Once these items have been attended to, I will begin adding new functionality to Mahout as per our collaboration with CMU@Qatar. This will involve a lot of work on Hadoop as well, particularly in terms of its input and output formats. In particular, it would be GREAT if we could find a way to have Hadoop natively read and split video and image formats, as for our technical report we ran a Python script which converted each video to a NxM matrix, where each row is a pixel and each column is its value at time m (this is also the input format I’d ultimately like the spectral clustering algorithms to be able to accept, if not native images / videos as well). The Python scripts worked well, but for larger videos–those which necessitate distributed analysis–this is obviously not ideal.
Spring 2012
Obviously the housekeeping tasks will come first; I’d like to name Dan Brickley in particular for reaching out and being a solid source of feedback and for keeping me on task with this. The aforementioned items plus some additional documentation on the Mahout website is in order for the spectral algorithms.

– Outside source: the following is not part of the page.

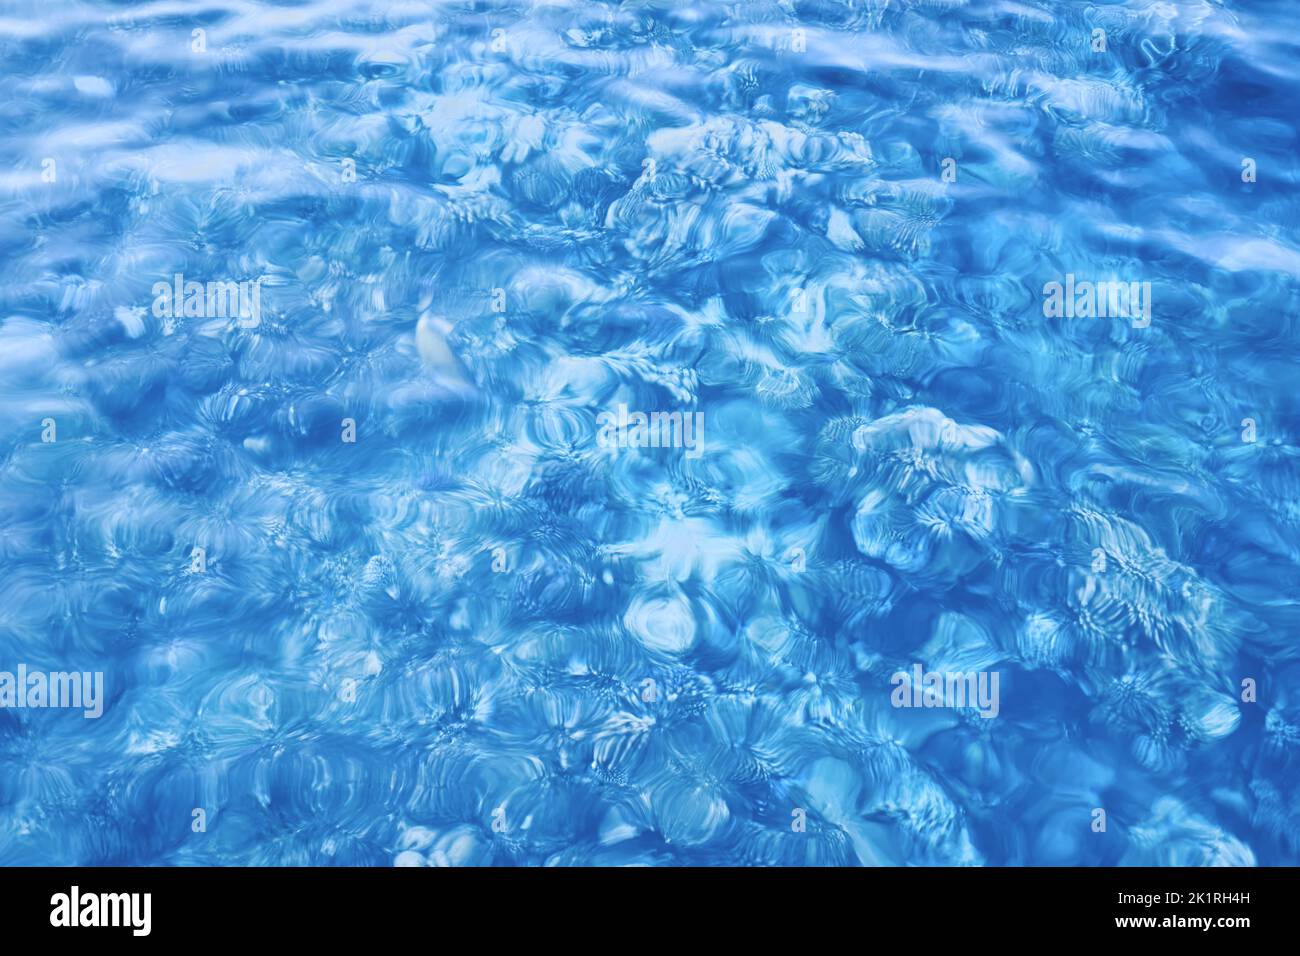 Movimiento Imagen borrosa de aguas poco profundas, naturaleza abstracta fondo azul. Foto de stock

While I’m not taking any full-time courses this semester per se–done intentionally to try and make some room for these very items and for pushing out some papers–I will be a teaching assistant this semester. I will have my usual requirements for Journal Club (1 hour per week) and Seminar (1 hour per week), and I may be traveling to Qatar to give a lecture or two for their cloud computing course. But there won’t be another Machine Learning or Intermediate Statistics demanding 30-40 hours weekly.
Here’s to a very productive 2012!